Enterprise Search and Usability

Tuesday, July 22, 2008

not as radical as I thought. . .

http://en.wikipedia.org/wiki/Generation_V

It looks like my boss might have been surfing the web . . .

Generation V

My boss has a new buzz word he is using "Generation V" . He sees that there is a new class of people, a generation not bounded by age or birth - but instead bounded by the experience of using computers. This is an interesting idea. There are people who are active users of the Internet, blogging, social networking tools, and so on. There are other people who are not, and likely never will be. This set of differences is larger than the similarities that might exist across a age group.

Any other opinions on this concept?

Monday, April 28, 2008

Improving internal search

I think that it is critical that our people have tools to find information inside and outside our organization. The more high quality information we can place in the hands of the practitioner, the better they can do their job. I believe that intranet search is an area where we can improve on this capability. The first step towards improving is to measure where we are today. If we do not know where we are, we cannot know if we have improved. We have taken that baseline. We have started to "tweak" our environment to improve on that baseline. As we prove out improvements in the lab, we are moving those out to production as Beta implementations. As improvements are proved out in Beta they will be moved into production search.
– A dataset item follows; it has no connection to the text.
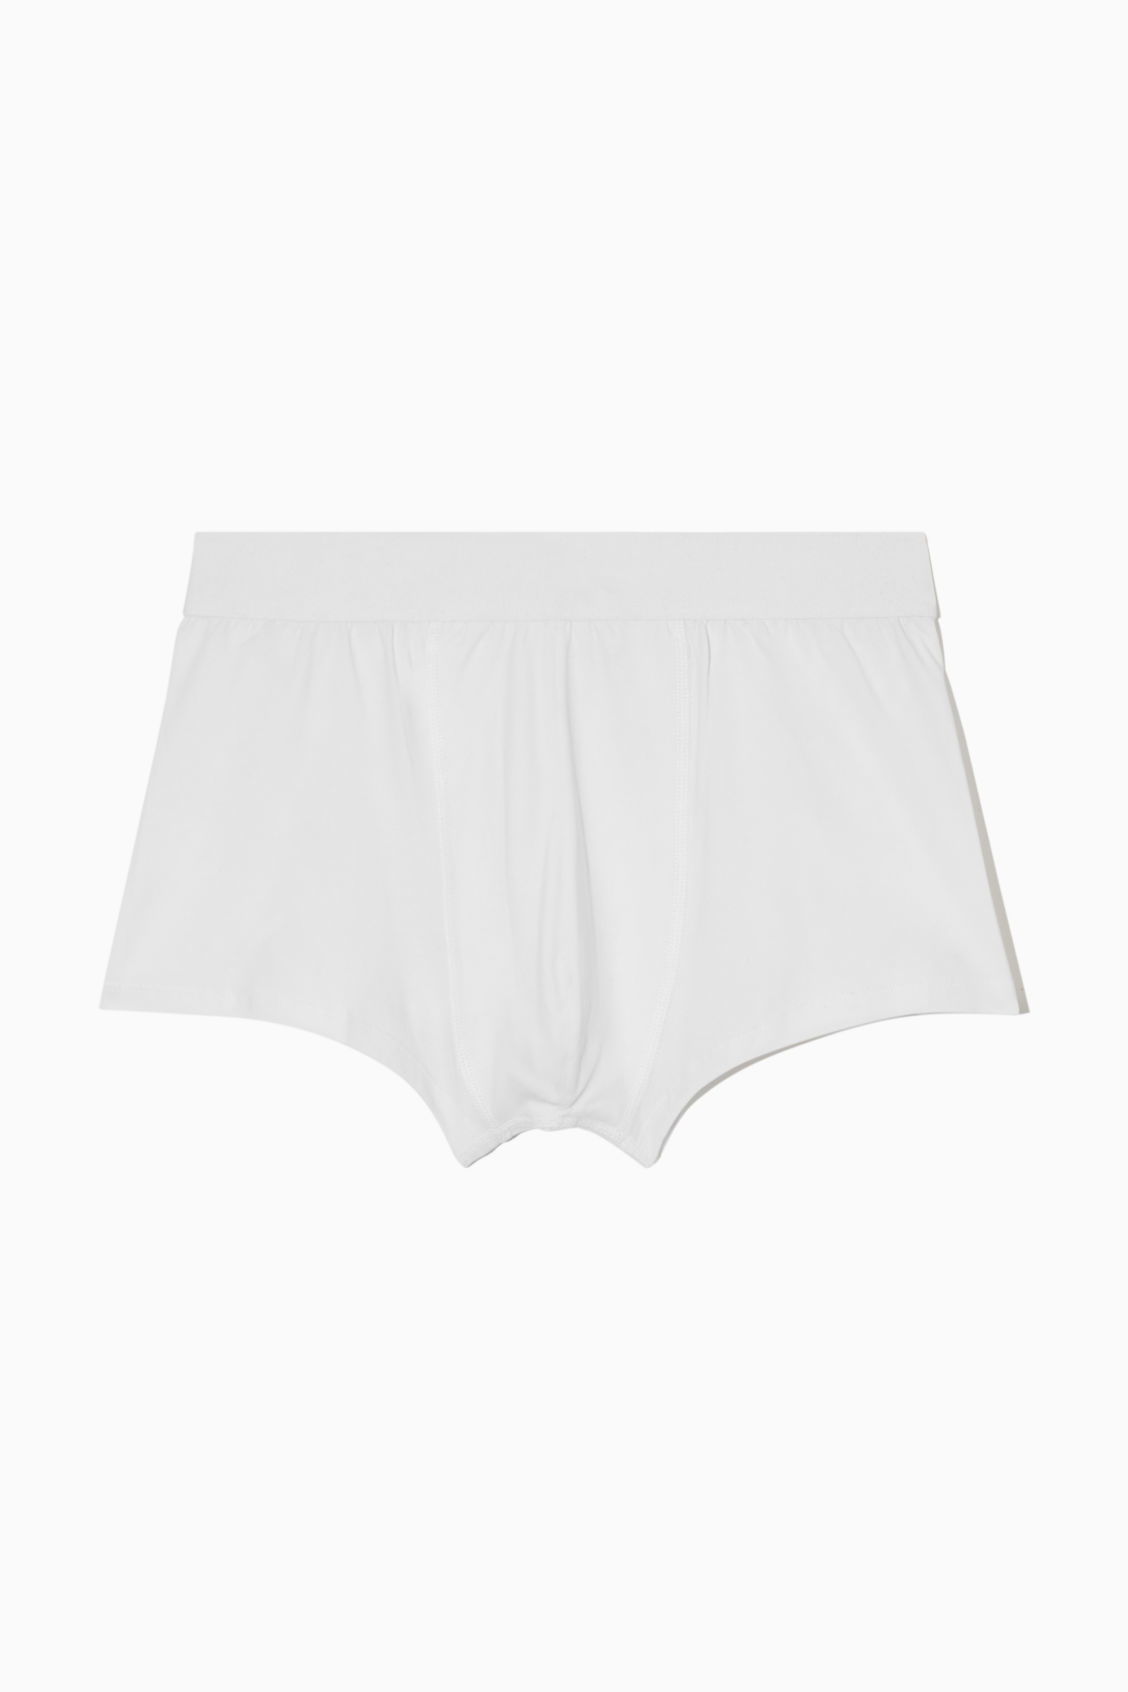 John Lewis ANYDAY Jersey Boxers, Pack of 3, Black, £16.00

How did we take that baseline? The standard for measuring search is based on a subjective, human understanding of relevance. The standard was set by the NIST. The NIST holds an annual event where they test and tweak search. They use a standard set of content, fairly small. They have experts evaluate the content and determine the ideal documents within that standard set. They then use complex queries supplied by those experts to bring back documents from the search engine. They measure how many documents within a number of results are from the ideal set - precision. They measure how many ideal documents can be found by the search engine - recall. This seemed like a reasonable process, so that is how we measured our impact on the search engine.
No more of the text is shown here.